This flex_bg size is only 16 blocks (which is the default), but at best only reduces the seeks by a factor of 16 at first access time.  For your block count, this should be about 45k groups, and 2800 clusters of bitmaps.

While e2fsck will load all of those bitmaps in a single pass, it is possible that the kernel does not do this, fetching each one separately and requiring a seek wait (if not in the track cache).

You definitely have a large number of free blocks, so the allocator _should_ be able to find something quickly, but there isn't currently a "fast path" to find a free chunk of large space at mount time.

I suspect this could be worked around in some manner.  We could potentially cache some hints on disk and/or skip a lot of bitmap loads at startup time if the allocation was large.

> [root at elmer ken]# 
> [root at elmer ken]# time dumpe2fs /dev/mapper/VG_NAS-LV_NAS > /dev/null
> dumpe2fs 1.42.3 (14-May-2012)
> 
> real    1m16.634s
> user    1m16.174s
> sys    0m0.066s
> [root at elmer ken]#
> 
> So, there's the LONG delay (1.25m +).
> 
> As a s/w engineer in a previous lifetime, I would think there must be some metadata (on the disk) that keeps a coalesced mapping of free blocks.
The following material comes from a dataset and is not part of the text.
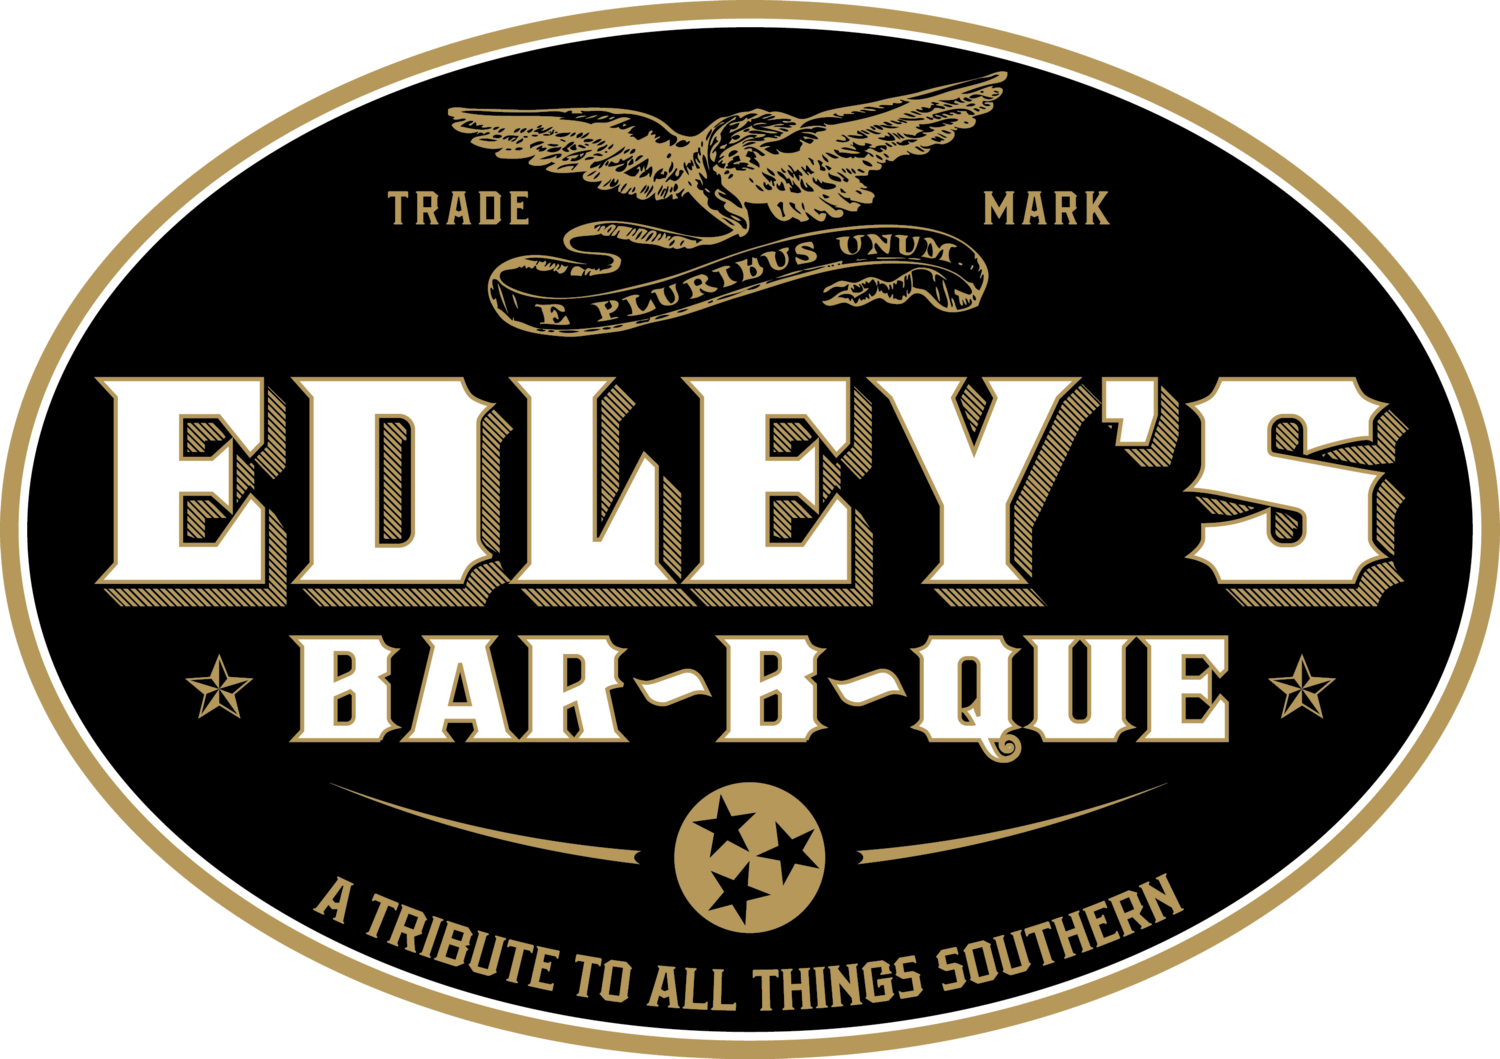 Edleys Logo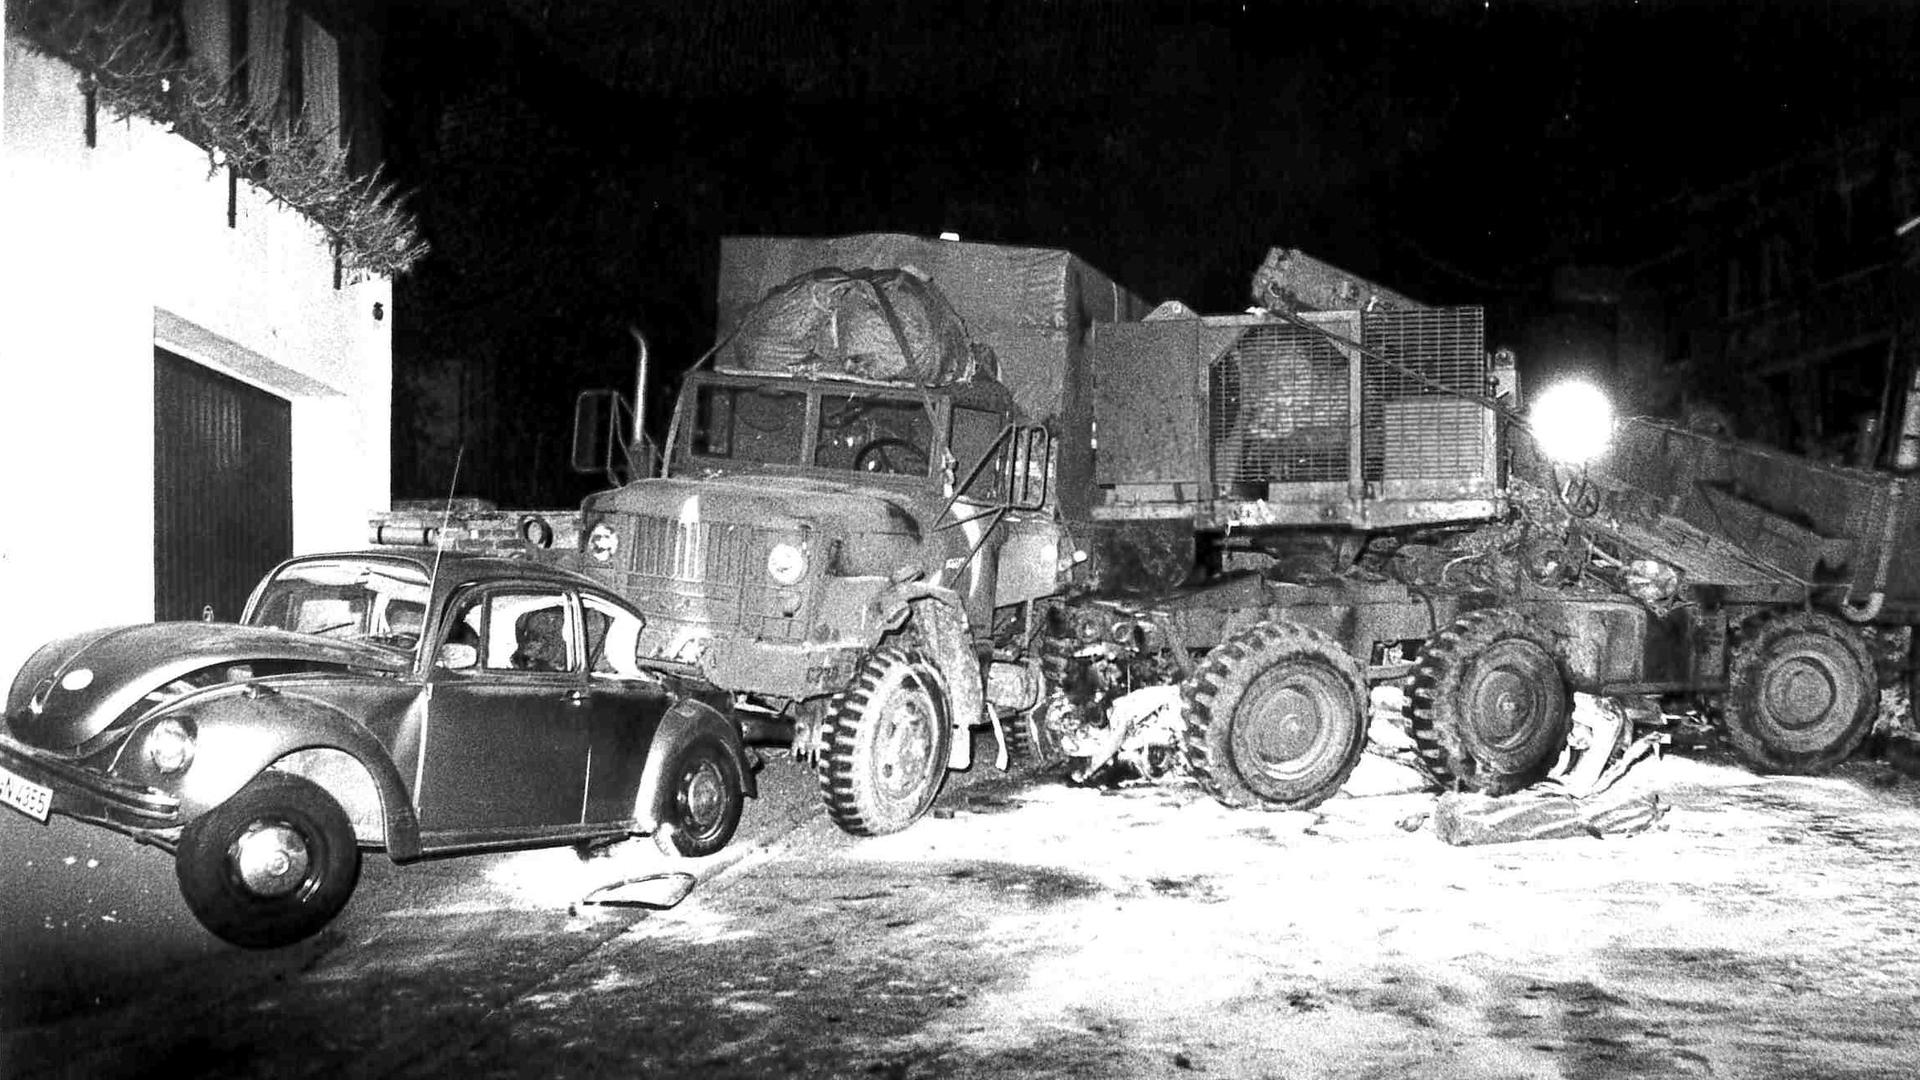 Brisante Last: Der Lkw der US-Streitkräfte, der 1982 in Waldprechtsweier verunglückte, transportierte eine Pershing-Rakete. Wegen der unklaren Gefahrenlage, mussten alle Einwohner ihre Häuser verlassen.

This would be analogous to a ram heap management system. Granted, most file server systems don't get powered down or reboot very often, but for a very large storage (10G plus) this must be a very significant issue. Just my 2 cents worth.

By "large" you mean "10T plus"?  :-)

> You mentioned doing this at startup. Could this be done in background, so the boot wouldn't take a minute or more extra? And also, any particular place to add this code?

It can be done in any system startup file like /etc/rc.d/rc.local, and can be run in the background either before or while the filesystem is mounted, since it is only reading from the disk.

> On Wed, Apr 24, 2013 at 8:58 AM, Andreas Dilger <adilger at dilger.ca> wrote: 
>> If there is a delay between mounting and the first write, you could prefetch the bitmaps with "dumpe2fs /dev/XXX > /dev/null" so that it loads all of the bitmaps before they are needed.  Some people do this in a startup script as a workaround for the initial write slowness.
>> 
>> Changing the allocation policy would not help in your case, since the large file would need more blocks than could be satisfied by the early groups. That is why you don't see a slowdown for small files.


Cheers, Andreas